Any full binary tree can be seen as the structure of a single elimination tournament with $n$ teams corresponding to the leaves. Each non-leaf is a game in which the loser goes home and the winner goes up to the next round. There is one final champion, who wins the root game, and so there must be $(n-1)$ non-leaf nodes since every other team loses exactly once. Hence $n + (n-1) = 2n-1$ nodes altogether.

A perfect (complete and full) binary tree always has $2^m$ leaves for some $m$. Now how many nodes will it have? Well, it will have $1$ root, and $2$ children of the root, and $4$ total children of those children, and so on, up to and including the $2^m$ leaves. So there will be $$ 1 + 2 + 4 + 8 + \cdots + 2^m = \sum_{i = 0}^m 2^i $$ total nodes in a perfect binary tree with $2^m$ leaves. Now there is a standard formula that $$ \sum_{i = 0}^m 2^i = 2^{m+1} - 1. $$ If we start by saying that $n = 2^m$ is the number of leaves then $2^{m+1} -1$ nodes is the same as $2\cdot 2^m - 1 = 2n - 1$ nodes, which is the formula requested in the question.
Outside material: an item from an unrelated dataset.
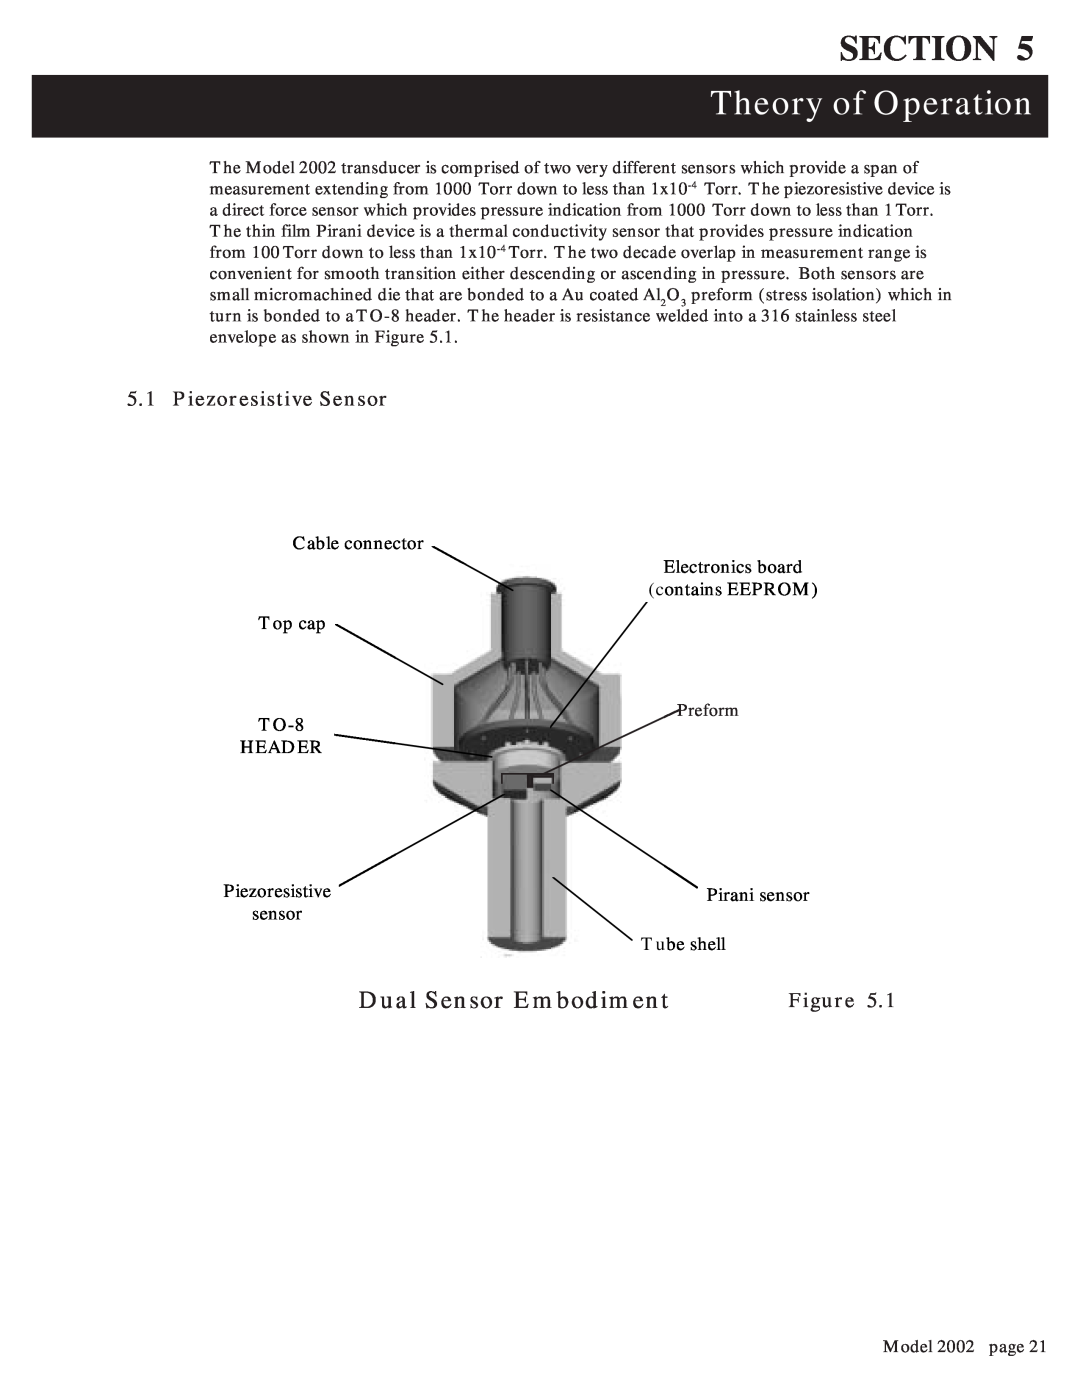 Teledyne 2002 instruction manual Theory of Operation, Dual Sensor Embodiment, Piezoresistive Sensor, Section

Well start off with the parent node. If you only have one node, that's one leaf, and $2(1) - 1 = 1$. This equation implies that every time you add another leaf, then the total number of nodes will increase by 2.

Now adding two children means taking away one leaf (the parent used to be a leaf) and adding two new leaves, which gives a total of one new leaf. You are adding two nodes from one extra leaf, so it turns out this equation works out.